## Process llm concept labels

In [10]:
from datasets import Dataset
import json
import pandas as pd

root = "/mnt/pdata/knk25/active_pref_learning"
model_name = "meta-llama/Meta-Llama-3-70B-Instruct"
data_path = f"{root}/datasets/ultrafeedback/labels/{model_name}"

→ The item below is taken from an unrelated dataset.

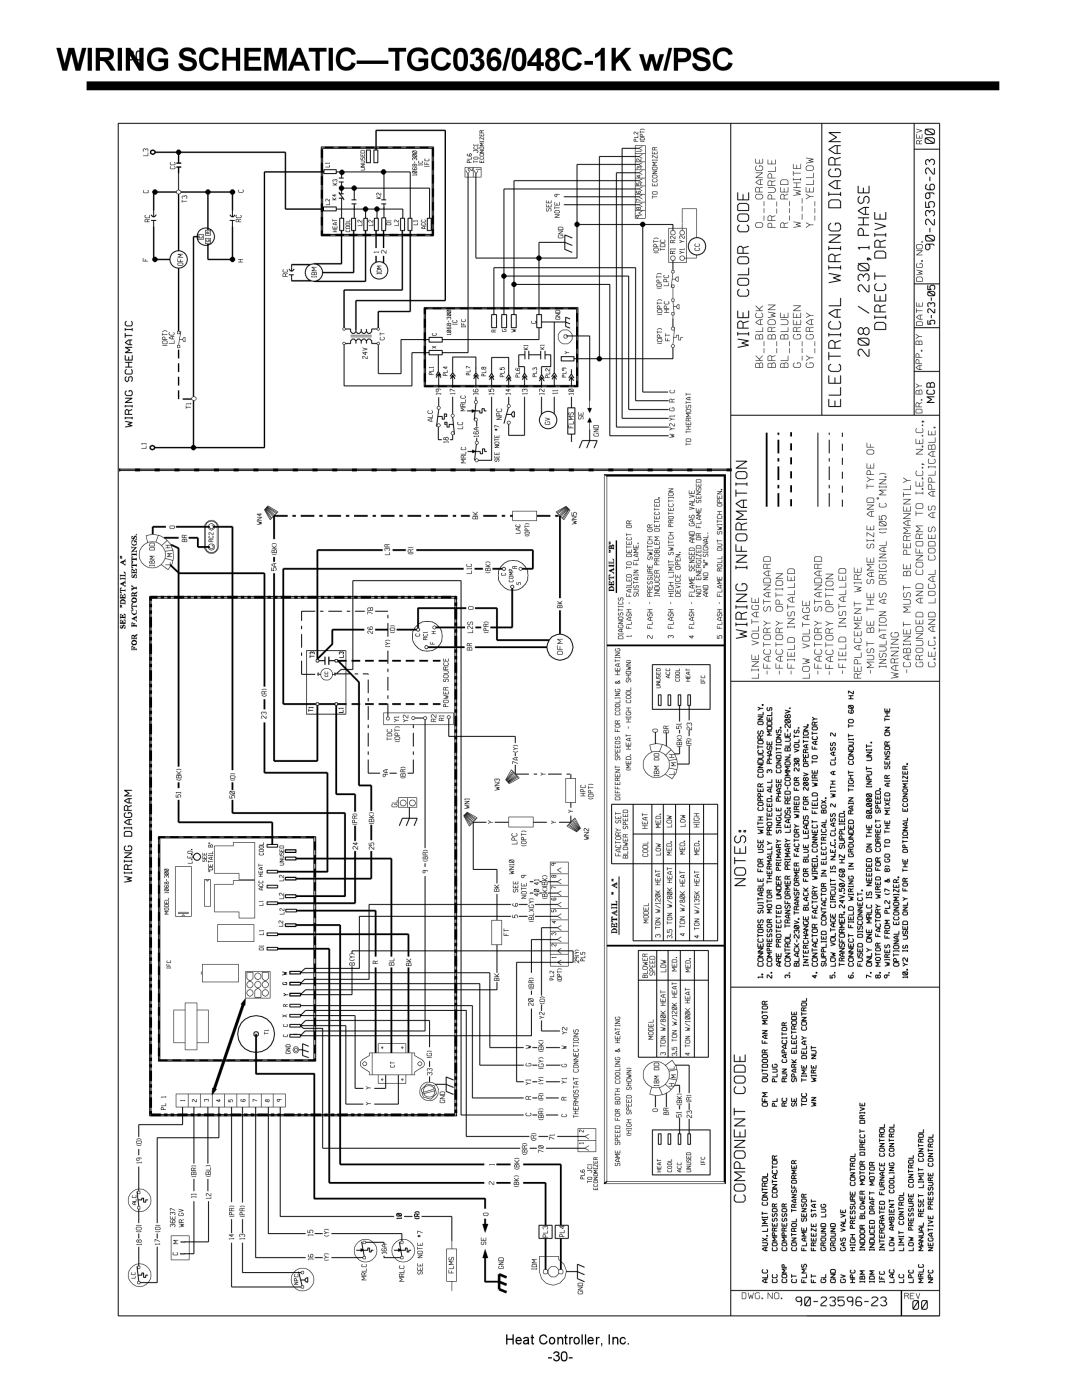 Heat Controller TGC042C-4K-120, TGC060C-4K-135, TGC048C-1K-135 WIRING SCHEMATIC-TGC036/048C-1Kw/PSC, Heat Controller, Inc

# Load the dataset from jsonl files
lines = []
for i in range(1, 6):
    with open(f"{data_path}/raw_concept_scores.jsonl", "r") as f:
        for line in f:
            lines.append(json.loads(line))

df = pd.DataFrame(lines)

# Remove duplicates
df = df.drop_duplicates(subset=["idx_a", "idx_b"])


In [11]:
concept_names = tuple(df['concept_scores'].iloc[0].keys())

print(concept_names)

('helpfulness', 'correctness', 'coherence', 'complexity', 'verbosity', 'instruction_following', 'truthfulness', 'honesty', 'safety', 'readability')


In [12]:
import numpy as np 

df['relative_concept_labels'] = df['concept_scores'].apply(
    lambda x: np.array(list(x.values()))
)

labels_df = df[['idx_a', 'idx_b', 'relative_concept_labels']]
labels_df['concept_names'] = [concept_names for i in range(len(labels_df))]

display(labels_df)

labels_ds = Dataset.from_pandas(labels_df)
labels_ds.save_to_disk(f"{root}/datasets/ultrafeedback/concept_labels/{model_name}")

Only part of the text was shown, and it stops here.